Hereditary inclusion body myopathies (HIBM) are a group of rare genetic disorders which have different symptoms. Generally, they are neuromuscular disorders characterized by muscle weakness developing in young adults. Hereditary inclusion body myopathies comprise both autosomal recessive and autosomal dominant muscle disorders that have a variable expression (phenotype) in individuals, but all share similar structural features in the muscles.

The term hereditary inclusion body myopathy (HIBM) was historically used to describe multiple distinct genetic conditions and is now considered antiquated; specific gene names are now used in disease nomenclature, such as GNE myopathy and VCP-associated multisystem proteinopathy.

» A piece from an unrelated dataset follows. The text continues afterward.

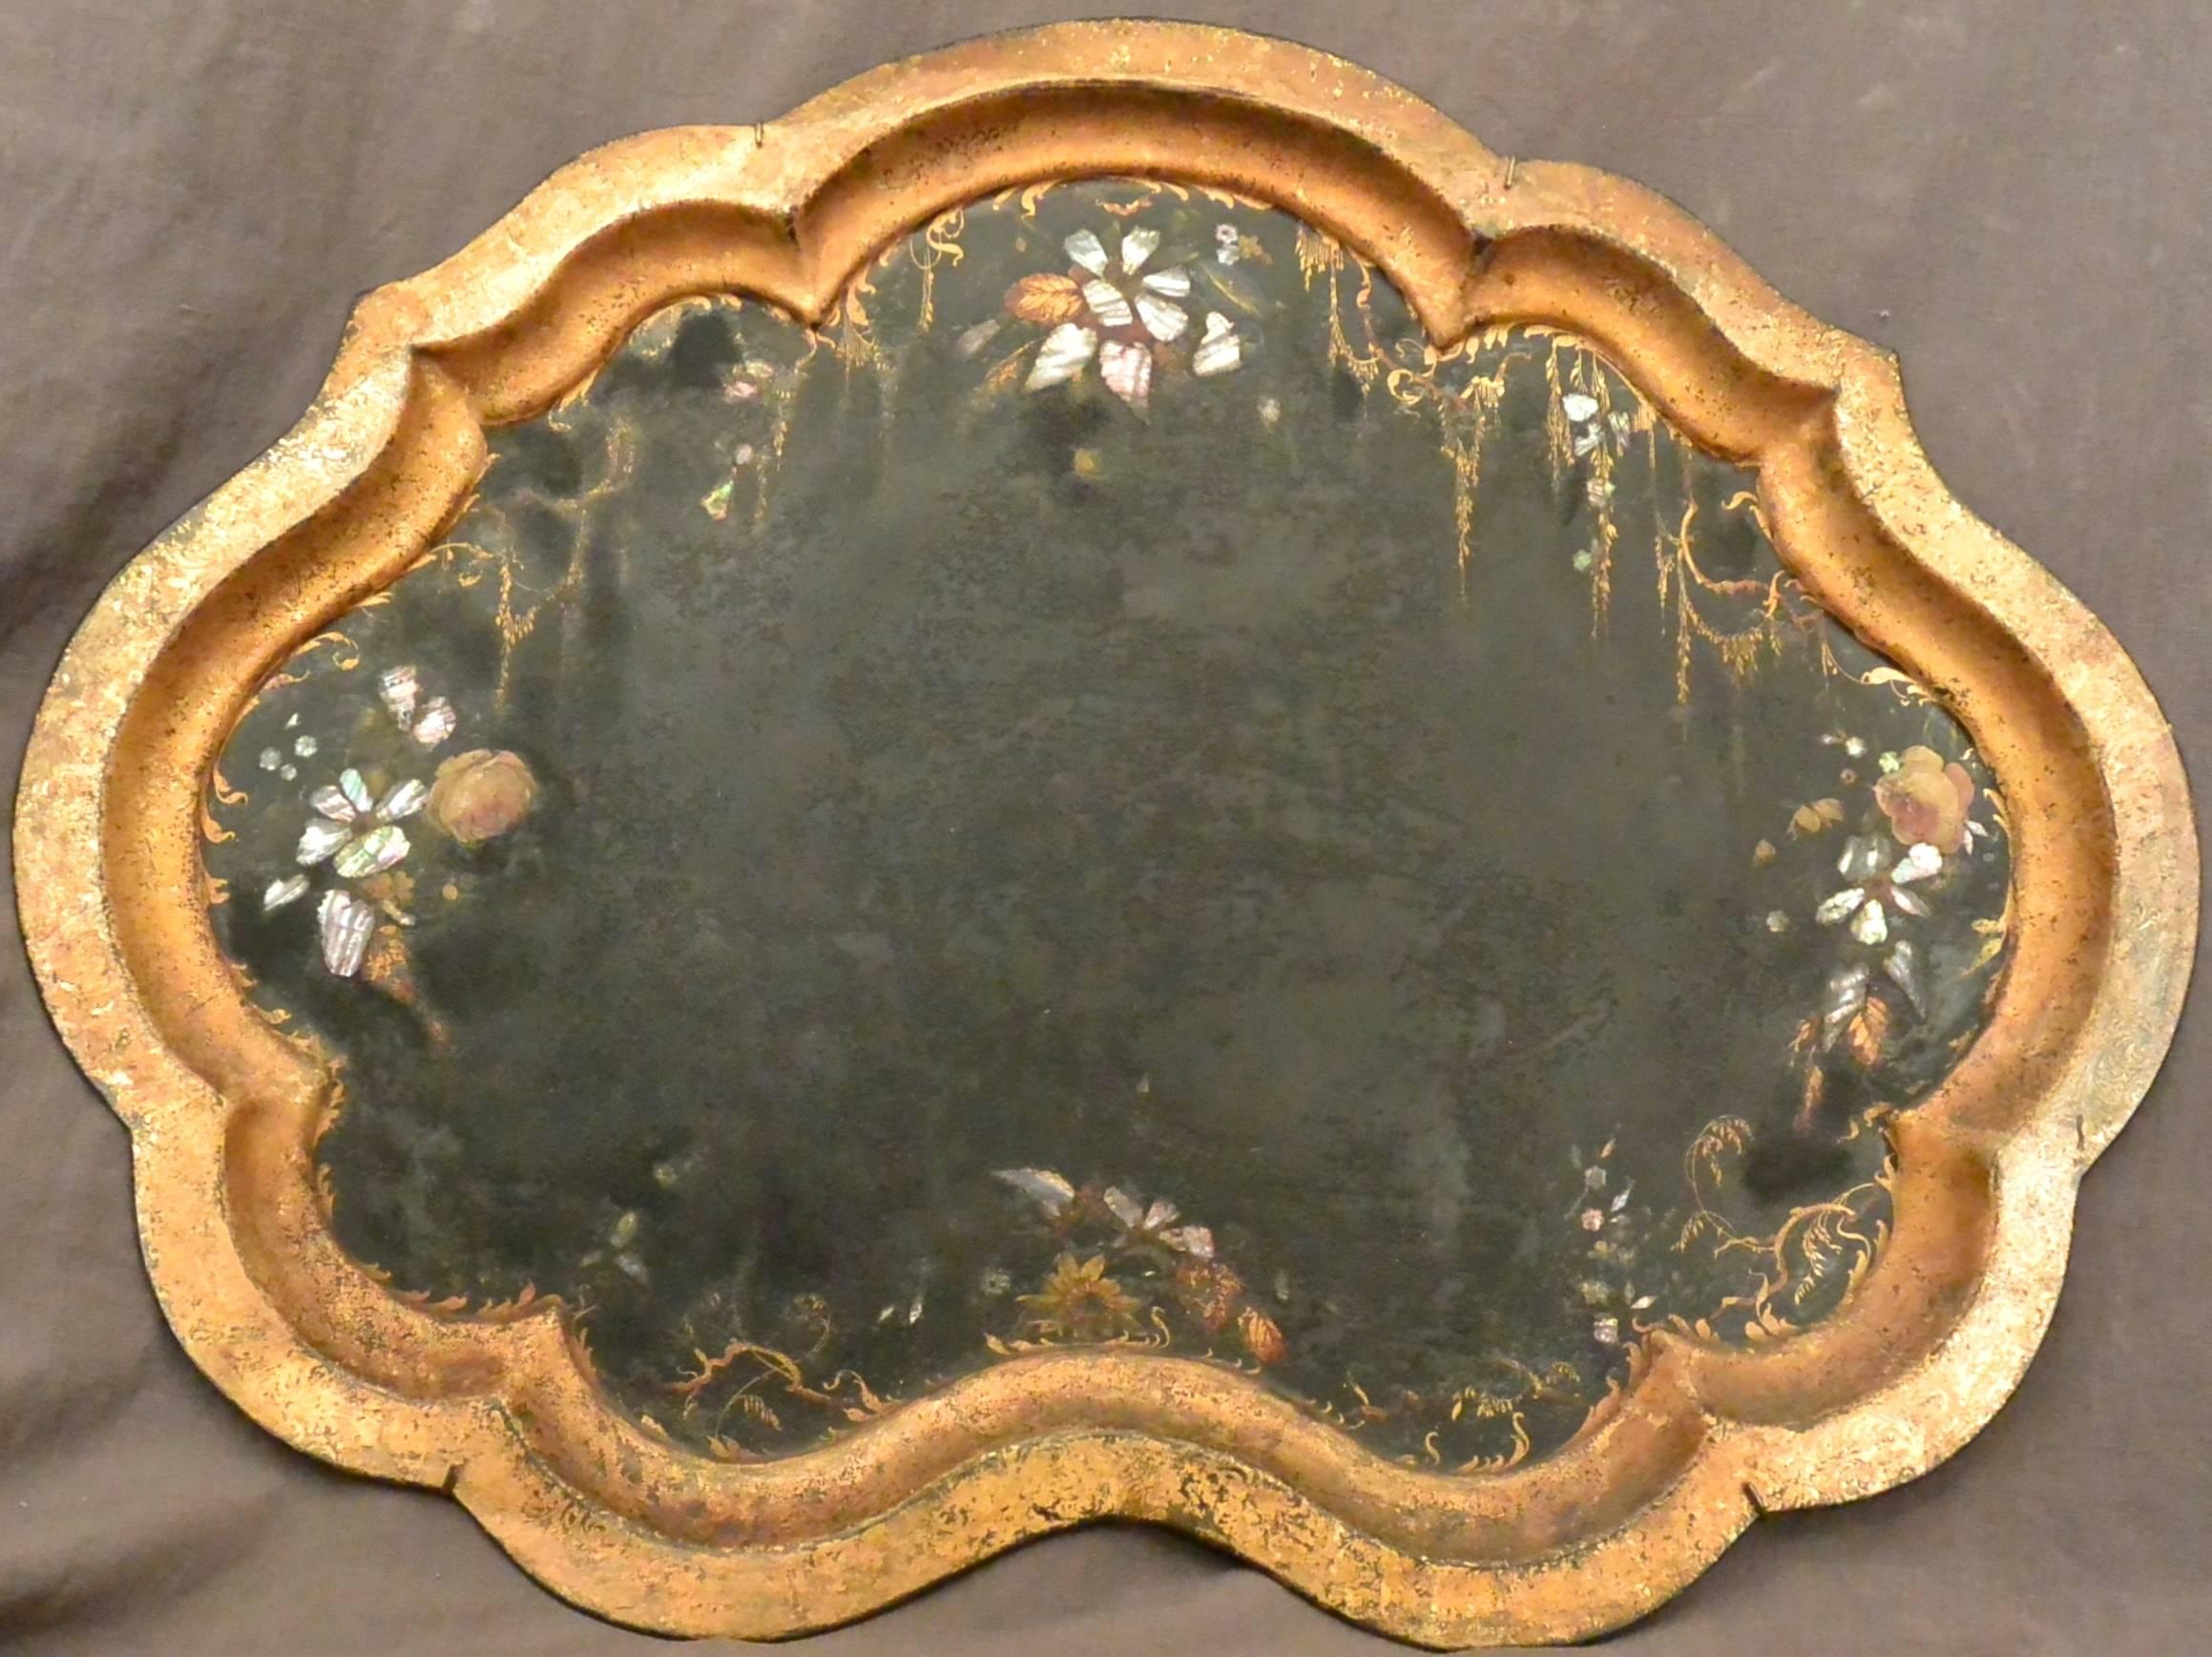 Antique gilt and black painted tole shaped tray with mother-of-pearl inlay, Italy, circa 1870s.
Dimension: 32

HIBMs are a group of muscle wasting disorders that are uncommon in the general world population. One autosomal recessive form of HIBM is known as IBM2 or GNE myopathy, which is a common genetic disorder amongst people of Iranian Jewish descent. IBM2 has also been identified in other minorities throughout the world, including those of Asian, European, and South American, and Middle Eastern descent. In Japan and other East Asian countries, this disorder is known as distal myopathy with rimmed vacuoles (DMRV).

One autosomal dominant form of HIBM is known as VCP-associated multisystem proteinopathy, which in addition to affecting muscles, can also affect bone and/or the central nervous systems.